Population losses since 2010 in Lincoln County, long a one-county district, left it 13.4% under the average population of 40,030 per district based on the 2020 census.

Senators agreed in May that districts could be up to 5% higher or lower than the average under the “one person, one vote” standard.

To make up District 42’s losses, Linehan’s redistricting map would add Gosper County along with Frontier County. Wayne’s map would add McPherson and Logan counties to the north as well as Frontier on the south.

While he likes Wayne’s version of District 42 better, North Platte Sen. Mike Groene said, he’ll back Linehan’s plan because it wouldn’t cost western Nebraska another seat.

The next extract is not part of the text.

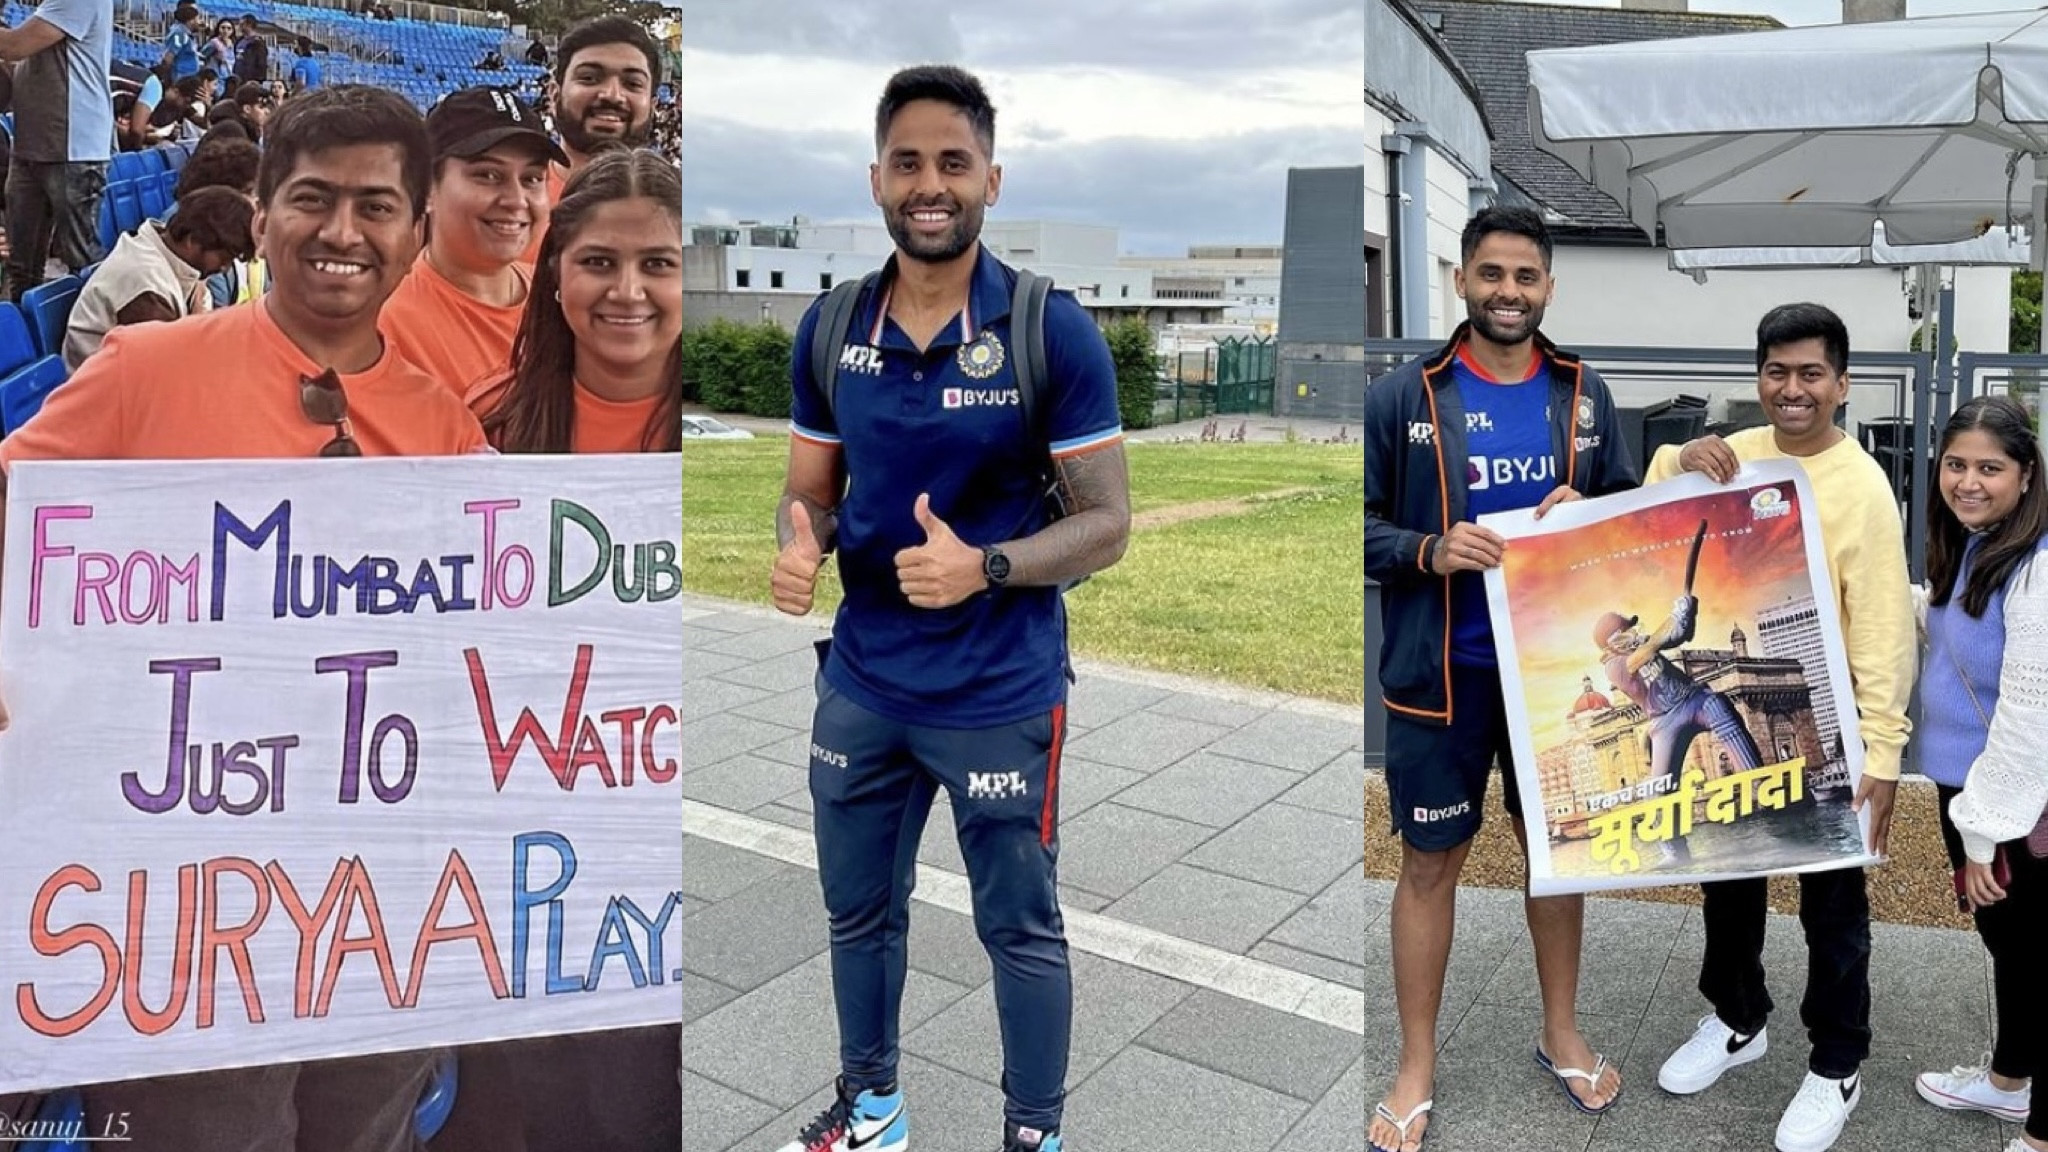 IRE v IND 2022: See Pics - Suryakumar Yadav meets fans who travelled from Mumbai to Dublin to see him play

“Getting rid of Hughes’ district is a disaster for us” in the region, he said. District 24, the one Linehan would move, “tends to be a suburb of Lincoln anyway.”

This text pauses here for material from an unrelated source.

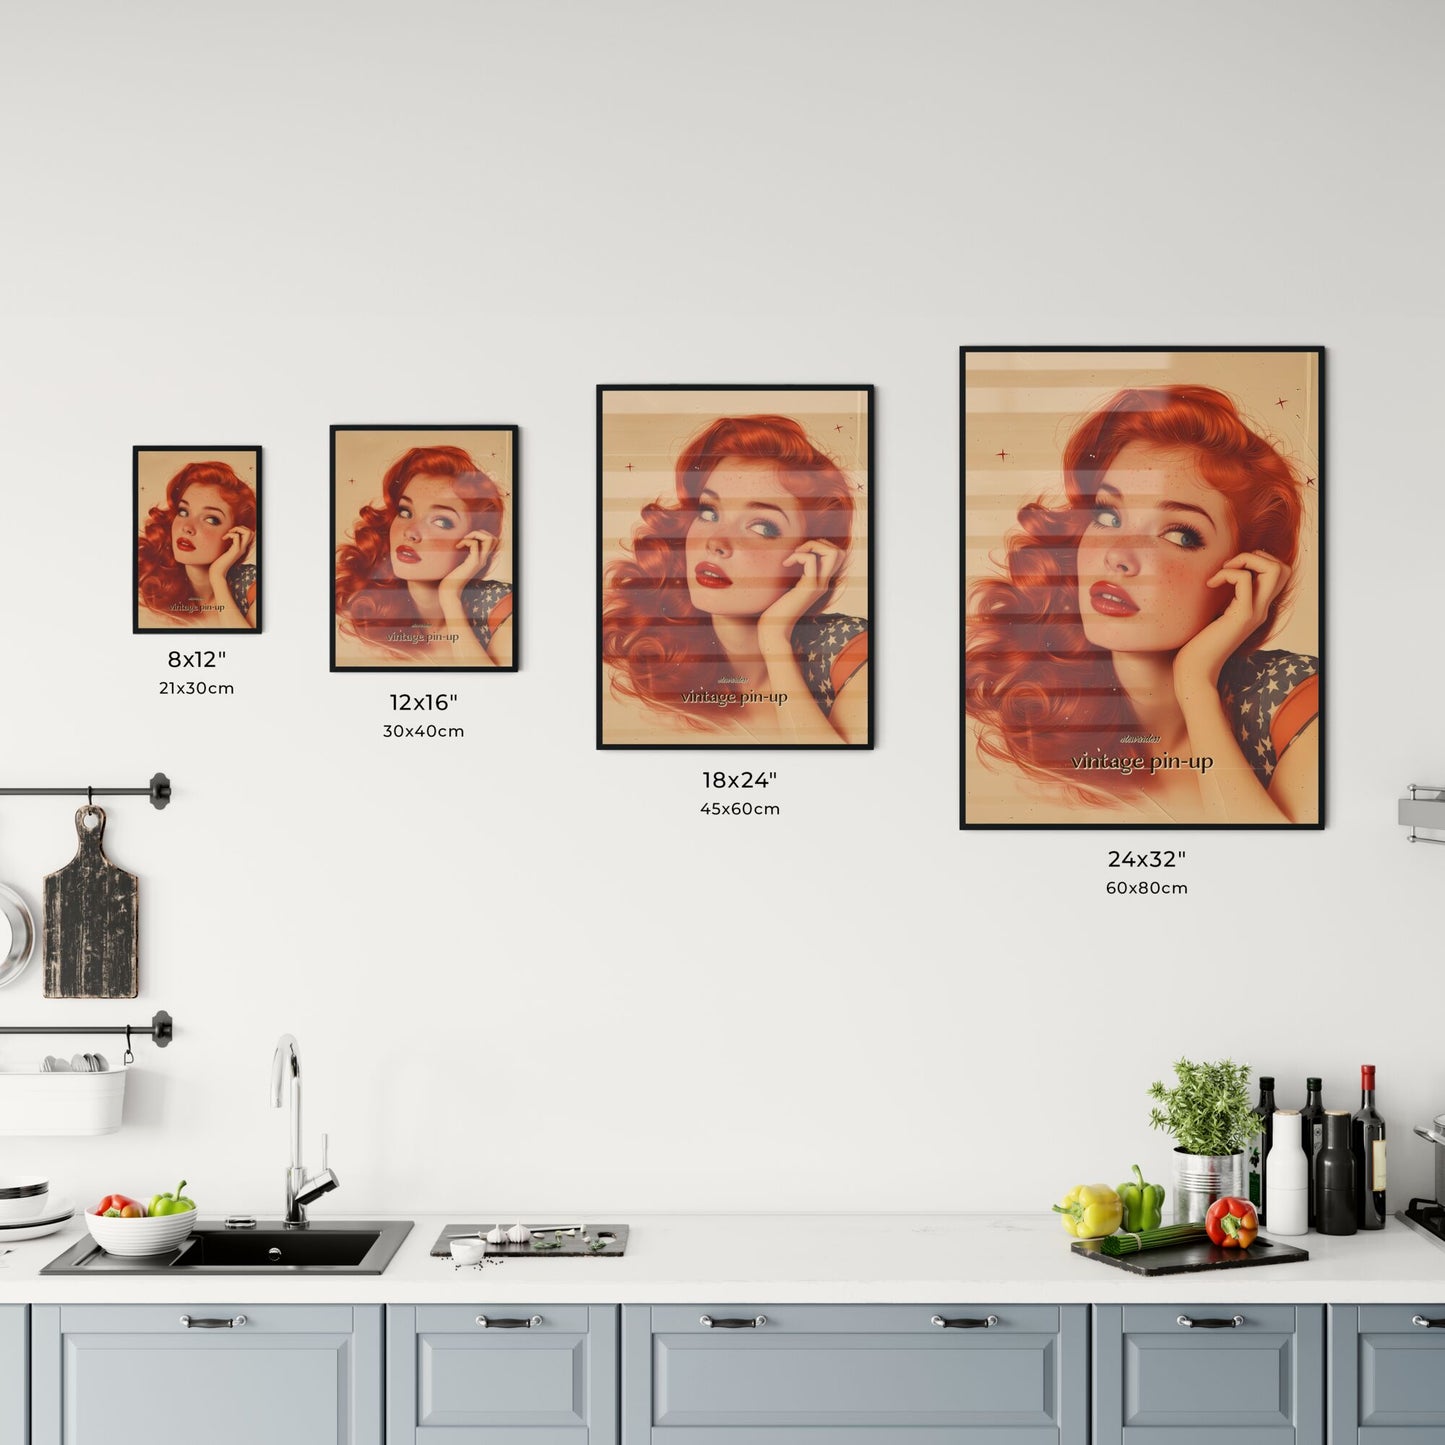 stewardess, vintage pin-up, A Poster of a woman with red hair and freckles Default Title

The maps present a dilemma for District 36 Sen. Matt Williams of Gothenburg, who is term-limited like Hughes and Groene.

He also doesn’t want to lose another western district, he said, but he’ll first aim to keep Custer and Dawson counties in his district.

Wayne’s map would do that, but Linehan’s would add Custer County to Brewer’s sprawling Sandhills District 43.

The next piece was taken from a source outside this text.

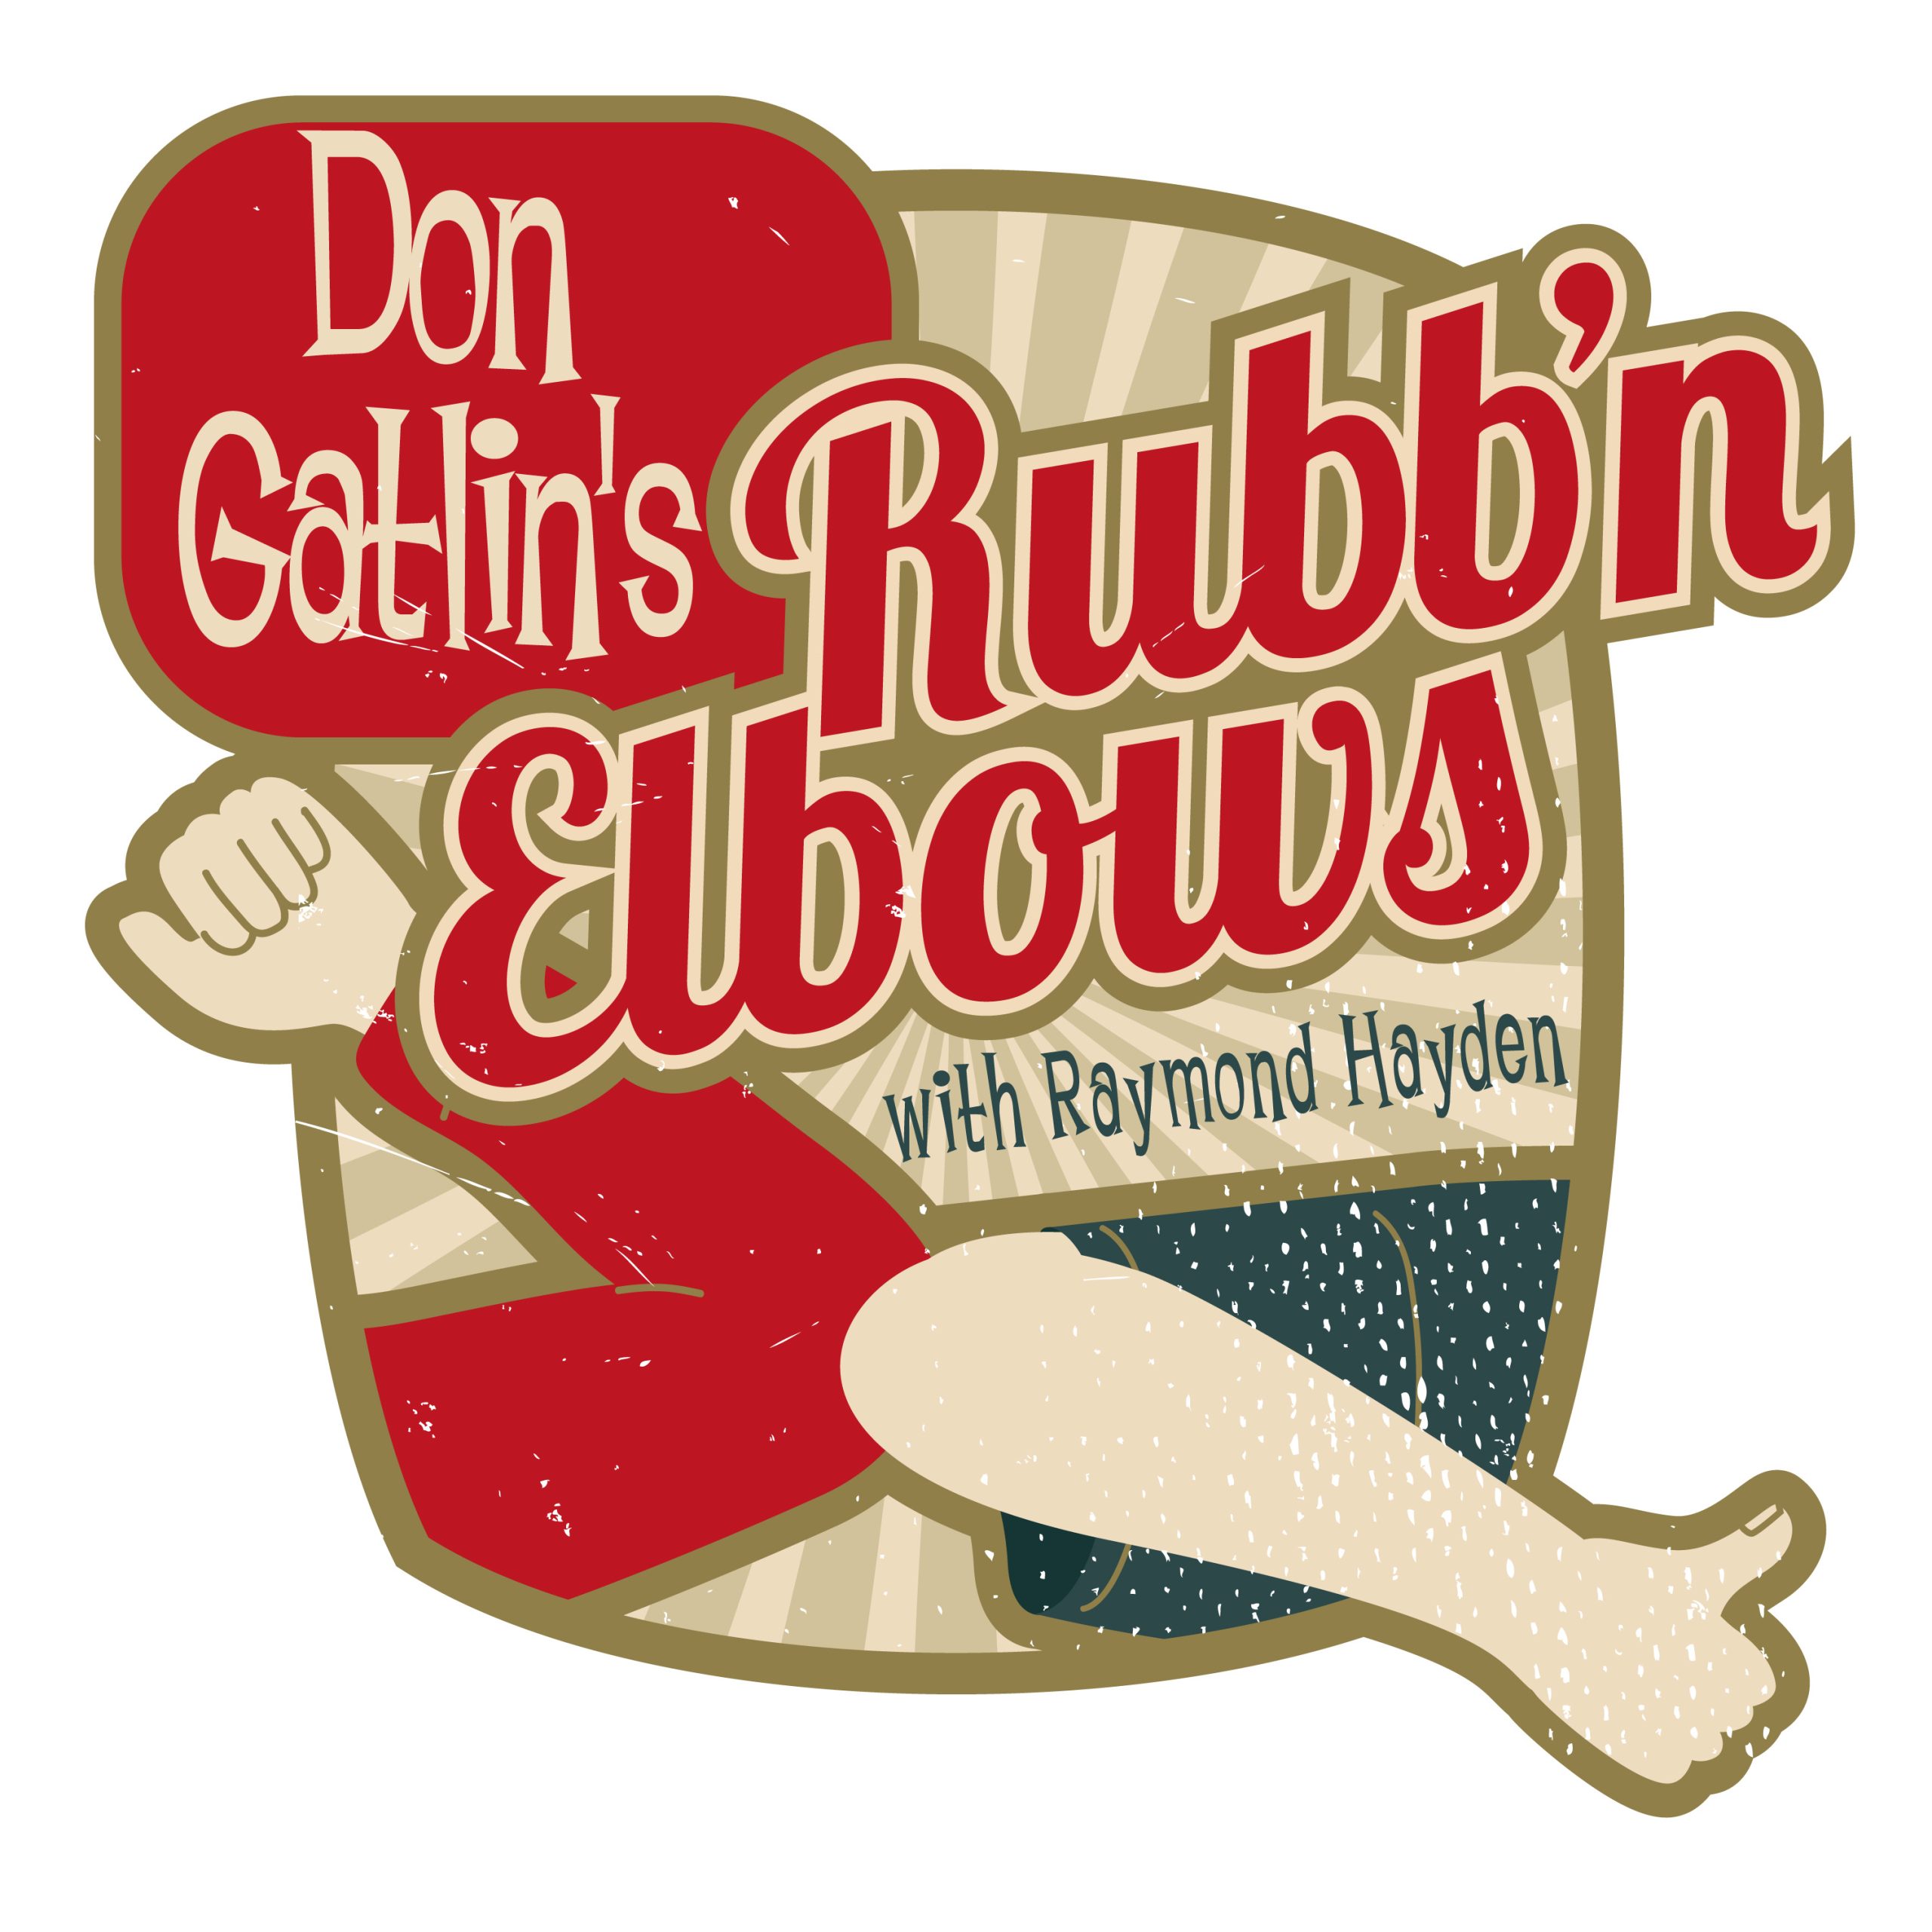 Rubb’n Elbows – Season 1 / Ep 5 with guest Colin Whinnery

“It makes great sense to me that Dawson County and Custer County stay together” because their economies and communities have much in common, Williams said.

Brewer, who represents Nebraska’s largest geographic district, said both maps would add and subtract counties from District 43 but wouldn’t change much for him.

“I’ll still have a district the size of Croatia,” he said.

Brewer, a Republican like his western Nebraska colleagues, said he was disappointed that Redistricting Committee members didn’t try harder to set politics aside in redrawing Unicameral districts.

“Each side drew their lines and said that was it,” he said. Democratic committee members “wouldn’t budge” on moving District 44, insisting that “Hughes must go.”

Sen. Steve Erdman of Bayard said the committee should have tried shifting districts’ borders east rather than west to preserve rural Nebraska’s districts.

As it is, “neither of those maps has 33 votes,” the two-thirds needed to break likely filibusters, he said. “I don’t think either of them has 25,” which is a bare majority.

Senators must finish redistricting work by Sept. 30 so local governments have time to redraw their districts for the 2022 elections.

But “if we don’t have this resolved” by then, Brewer said, it’s likely “we’ll leave it to the courts.”